As far as 11b opt 40 goes, from popular posts and from talking to many priors who have attempted, they really don't have those options available for us prior service members at the recruiters office or MEPS. Getting an 11b contract, then at basic getting hold of a RASP recruiter or waiting til they show up at your company at boot might be your best choice. This is a gamble. Everything is a gamble for people trying to get that opt40 at this time. As of lately it seems the young straight out of high school kids are getting those. But try and push for it when talking to the recruiter. If you get it you'll be the first out of many priors I know trying to land that


----------



## Danno96 (Jul 30, 2018)

DELCO said:


> Hows it going GM2,
> 
> How much time you got left on your contract? If your chain of command is willing to let you go then the process is easy.  Mine was a little difficult because I was coming from the IW community. As seen on this thread, your first step is to start process of getting a DD368 routed up your chain of command. Hopefully you are in good standing with them and they know you been wanting to do this. You will also need to talk to an Army recruiter. They will get you in the Army once NAVPERS receives your DD368 conditional release and approves for you to leave. Look at my previous posts. I lay out a step by step way to do it. Just omit the parts that pertain to IW rates (region and headquarters approval). As far as rank reduction goes I kept my rank but that is decided by the Army. Your recruiter will send in a package for a decision to be made. Don't know what really determines the outcome, but be sure to send every award and qual you got. Petty officer indoc certs as well.
> As far as 11b opt 40 goes, from popular posts and from talking to many priors who have attempted, they really don't have those options available for us prior service members at the recruiters office or MEPS. Getting an 11b contract, then at basic getting hold of a RASP recruiter or waiting til they show up at your company at boot might be your best choice. This is a gamble. Everything is a gamble for people trying to get that opt40 at this time. As of lately it seems the young straight out of high school kids are getting those.
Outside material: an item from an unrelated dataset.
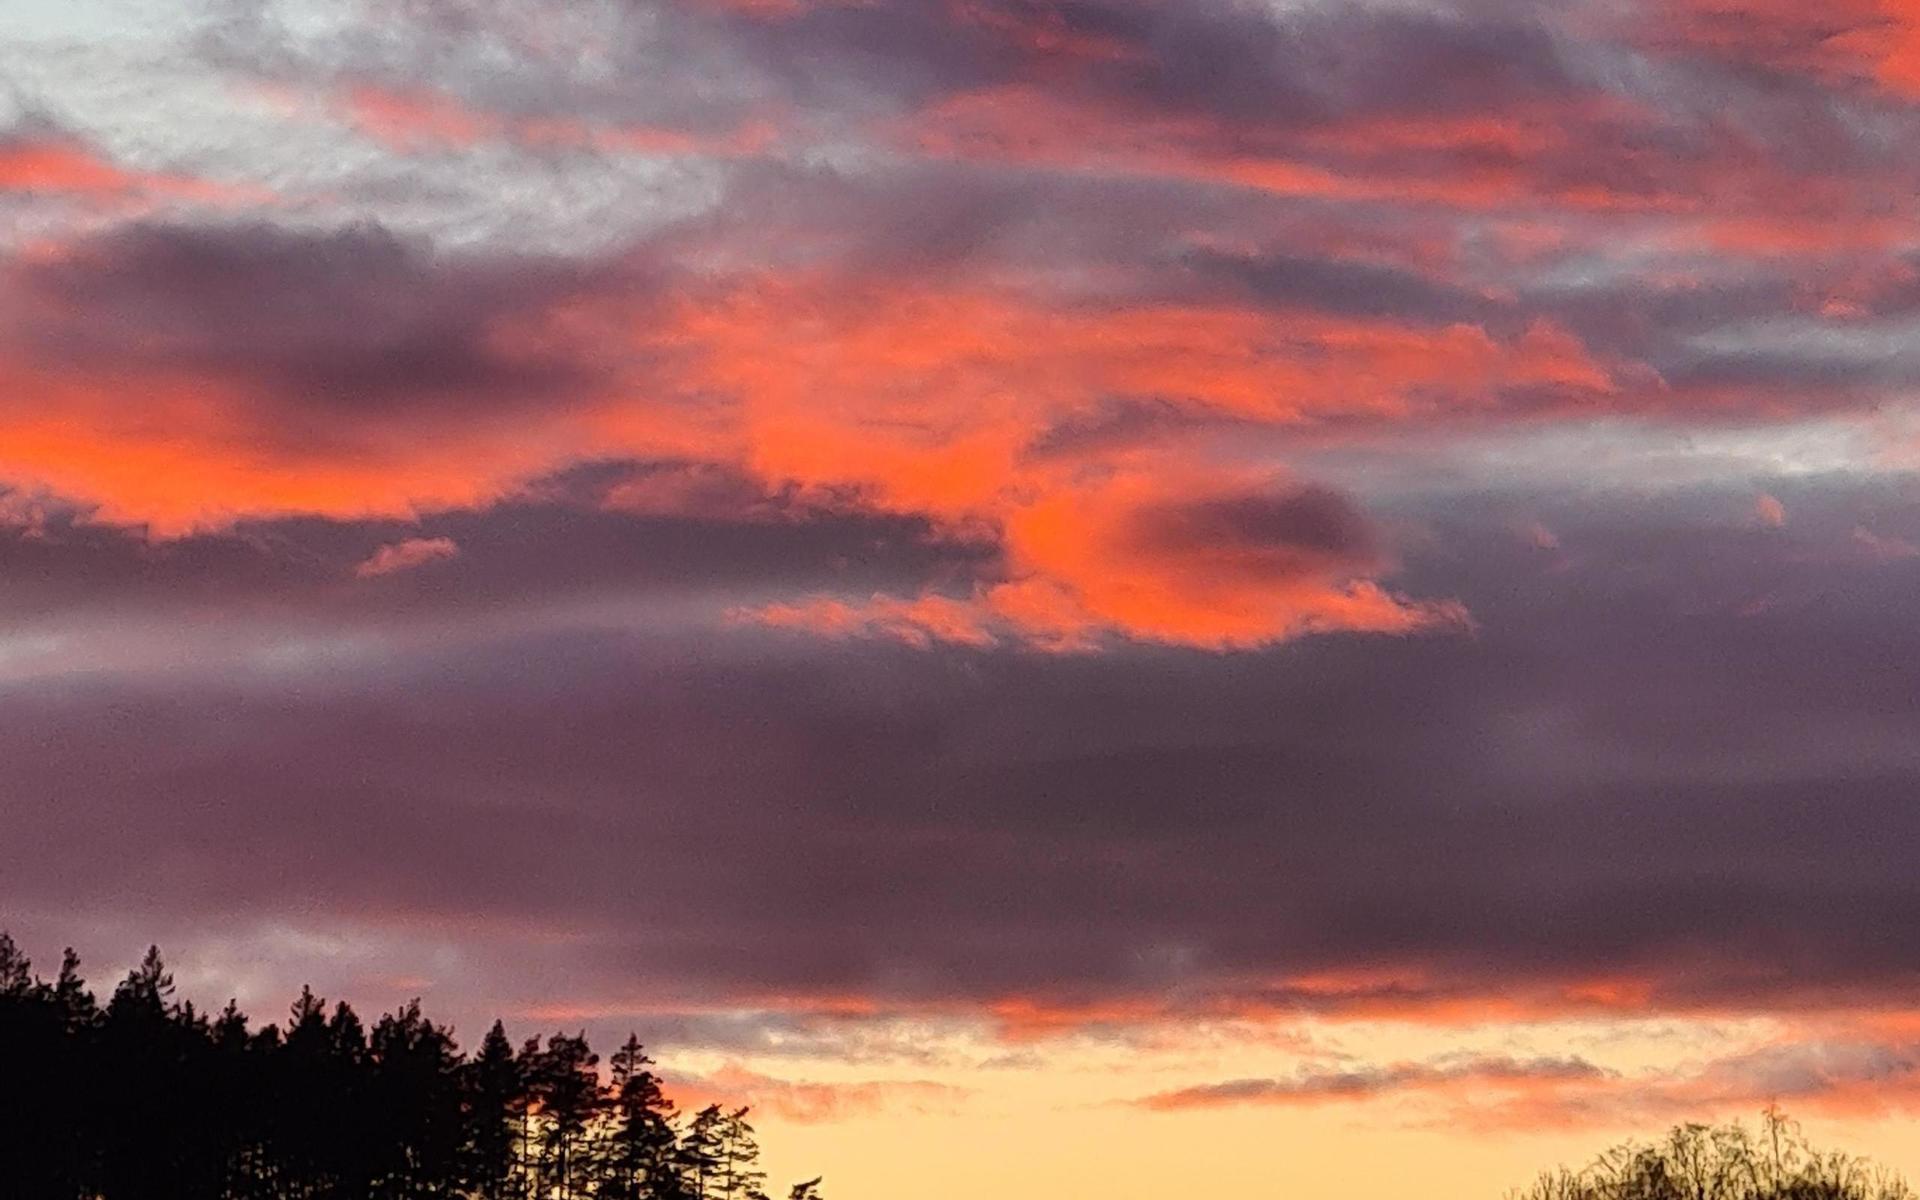 ”En vacker solnedgång över Uddevalla!”

But try and push for it when talking to the recruiter. If you get it you'll be the first out of many priors I know trying to land that



DELCO,

Thanks for the response! i have a year and 4 months left on this contract. i have got the DD368 from my career counselor, im going to go to a recruiter to fill it out once we get back. (currently haze grey) after that i will route it through my chain and hope for the best. we had a guy try to route one the end of last year. (He is a GSEFN) it got dennied and he was told that big navy is not allowing anyone to leave since they are trying to grow right now. im not sure how much that is true since obviously you were able to transition. How long did you have left in your contract when you transferred? i understand you have to be past your 3 year mark, but im trying to get the process started as i am sure it takes a while. How long did it take you when you did, and how is your progress going since youve switched? Thanks again for the response!

GM2


----------



## That_Dude (Aug 8, 2018)

So I was ALMOST complete with the blue to green contract but it ended up expiring last October. I went to reroute another one, but was denied. I spoke with the lady who handles the 368s  on the Navys  side and she said that they are not allowing people to start the blue to green process until they are 1 yr out of the EOS. Her name is Martha Fry. You can get ahold of her if you Google the navadmin  on the blue to green. She will also give you the navadmin  that is no longer allowing people out of there contracts early. So that is all correct. What is not correct is that your command can stop the process. That is up to big Navy. They can make a suggestion to say no, but if you are not going to reenlist, and you denied cway then it shouldn't matter. If I remember correctly, Mrs. Fry said it will for sure be approved if it is submitted a year out from your EOS. I am reapplying this Nov. and going for 18x. Where are you stationed? I'm an AO in San Diego.


----------



## DELCO (Aug 9, 2018)

Danno96 said:


> DELCO,
> 
> Thanks for the response! i have a year and 4 months left on this contract. i have got the DD368 from my career counselor, im going to go to a recruiter to fill it out once we get back. (currently haze grey) after that i will route it through my chain and hope for the best. we had a guy try to route one the end of last year. (He is a GSEFN) it got dennied and he was told that big navy is not allowing anyone to leave since they are trying to grow right now. im not sure how much that is true since obviously you were able to transition. How long did you have left in your contract when you transferred? i understand you have to be past your 3 year mark, but im trying to get the process started as i am sure it takes a while. How long did it take you when you did, and how is your progress going since youve switched? Thanks again for the response!
> 
> GM2



A couple of things,

If you're coming towards the end of your contract you should have no problem being let go. When you route that 368 through your chain to NAVPERS, along the way it goes through a community manager. So for you there is a high ranking GM (in most cases a master chief) that sees whether they can afford to let go of their GMs. Projected growth, retention, rank and current manning are all factors. If the community manager approves for you to go, it is then that it gets sent to NAVPERS for you to be released. It is always (usually) a go at NAVPERS if your community manager says yes. You're about to finish contract, so no reason for them to say no since you obviously don't plan on re-enlisting with the Navy meaning you will also be turning down a CWAY package as well. The process took me close to a year and a half. But that because my community (IW rates) need more approvals for release. 
Another thing, like @B2G mentioned,  your chain can't stop you from submitting the transfer, but being in good standing with them and including them in the know of your plans makes this a whole lot easier and faster. They will bat for you. Especially when the Chief's Mess gets involved. My package got stuck on the way to NAVPERS and my Chief made some calls and pulled for me. Next thing you know I get my Release within the week. Just some advice for routing this beast.

God Speed


----------



## That_Dude (Aug 9, 2018)

@DELCO Where are you at in the 18X pipeline?


----------